Uczennica technikum z Częstochowy zaatakowała młodsze od siebie Ukrainki. Przerażające zachowanie nastolatki
Jest akt oskarżenia sformułowany przez prokuraturę przeciwko 18-letniej obecnie uczennicy technikum z Częstochowy, która w kwietniu zeszłego roku zaatakowała młodsze od siebie dziewczyny z Ukrainy. Jak podaje PAP, nastolatka bez powodu rzuciła się na dwie 15-latki, zadając im ciosy rodem z MMA. Pierwsza z napadniętych 15-latek została uderzona w twarz, natomiast druga była szarpana za włosy, powalona na ziemię oraz skopana w głowę i brzuch. Według ustaleń śledczych dzień po zdarzeniu jedna z pokrzywdzonych zauważyła sprawczynię pobicia na ulicy i poinformowała o tym swoją ciotkę. Dorosła kobieta zapytała wówczas agresorkę, dlaczego dopuściła się tak przerażającej napaści. W odpowiedzi została zwyzywana przez uczennicę i znieważona na tle narodowościowym. Na szczęście kobieta zdążyła zrobić zdjęcie agresorce, dzięki czemu sprawczyni mogła zostać zidentyfikowana.
Dalsza część artykułu znajduje się pod materiałem wideo.
PRZECZYTAJ: Jacek Jaworek nie żyje? "Bez tych leków nie był w stanie przeżyć kilku dni"

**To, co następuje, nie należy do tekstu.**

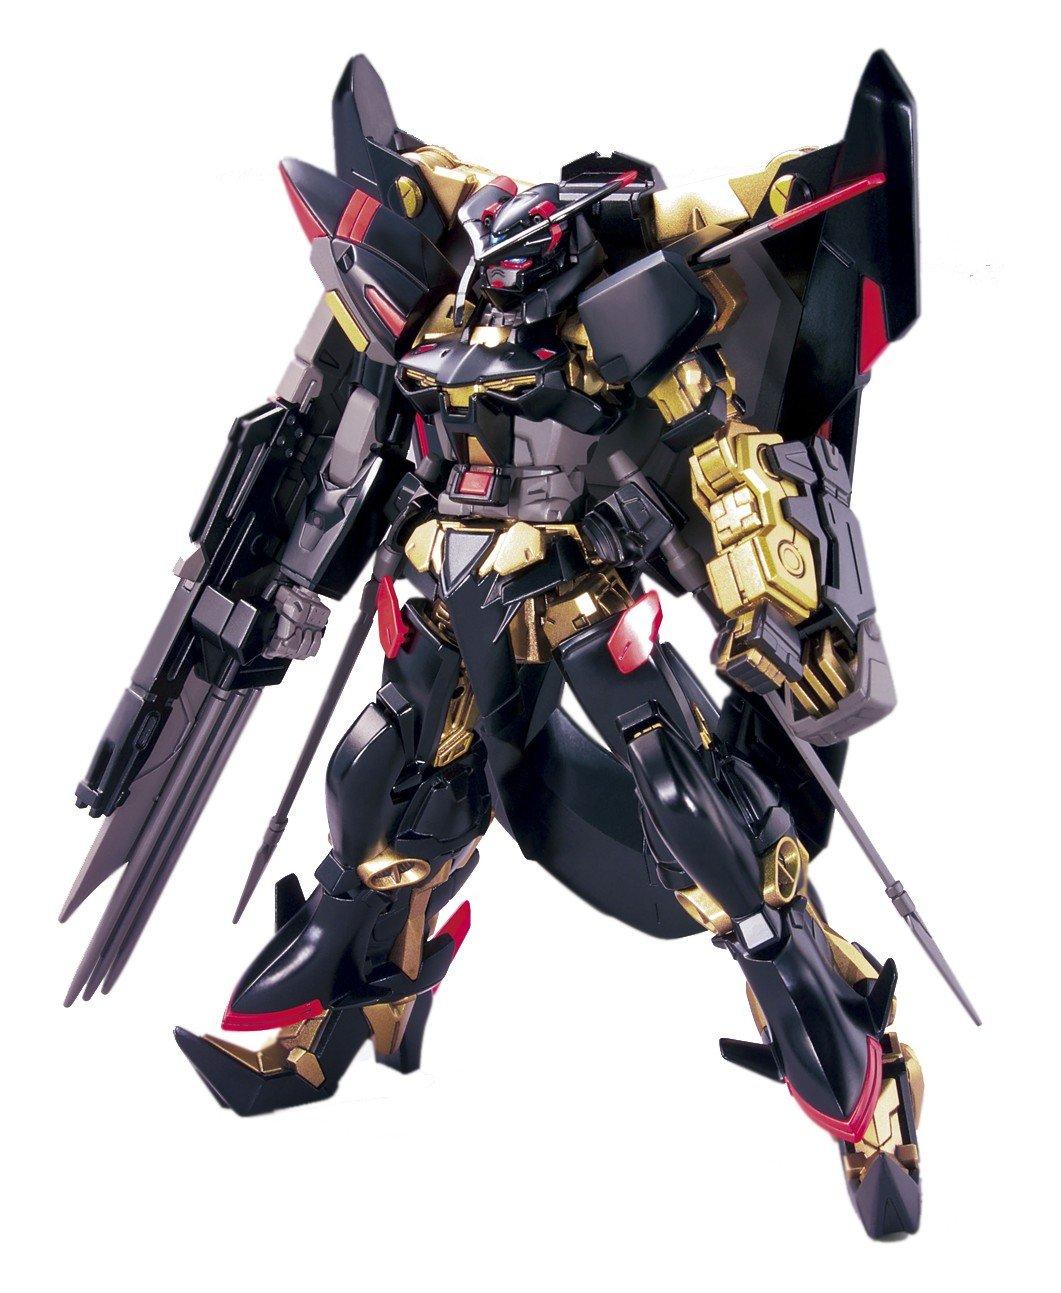 Amazon.com: Bandai Hobby 59 HG Gundam Gold Frame Astray Amatu Mina ...

- W postępowaniu uczennicy przedstawiono zarzuty popełnienia przestępstw stosowania przemocy wobec obywateli Ukrainy i publicznego ich znieważenia z powodu przynależności narodowej. Jednocześnie prokurator uznał, że przestępstwa te mają charakter chuligański, gdyż sprawca działał publicznie bez powodu, okazując w ten sposób rażące lekceważenie porządku prawnego - powiedział PAP Tomasz Ozimek, rzecznik Prokuratury Okręgowej w Częstochowie.

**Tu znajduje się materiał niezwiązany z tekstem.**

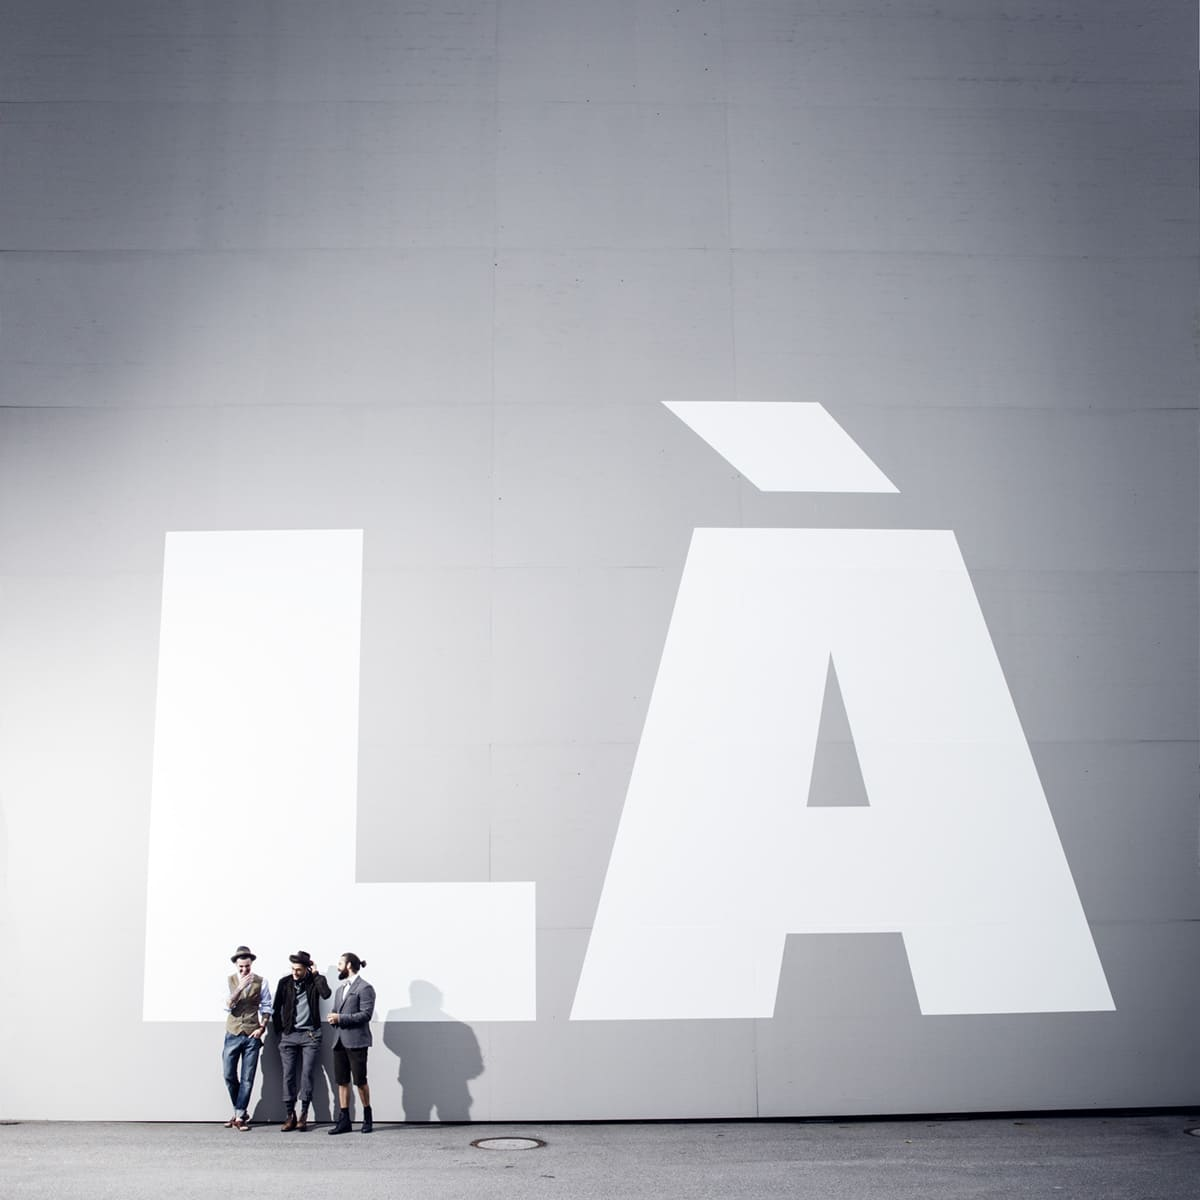 3 gestylte Männer vor LA Graffiti Weber und Weber

Jaka kara grozi agresywnej uczennicy?
18-latka przyznała się do zarzucanych jej przestępstw i wyjaśniła, że żałuje swojego postępowania. W przeszłości nie była karana. Za zarzucane czyny młodej kobiecie grozi od 3 miesięcy do 5 lat więzienia. - W przypadku przestępstwa w charakterze chuligańskim sąd wymierza karę w wysokości nie niższej od dolnej granicy zagrożenia ustawowego zwiększonego o połowę. Ponadto warunkowe zawieszenie wykonania kary może nastąpić jedynie w szczególnie uzasadnionych wypadkach - wyjaśnia rzecznik Prokuratury Okręgowej w Częstochowie.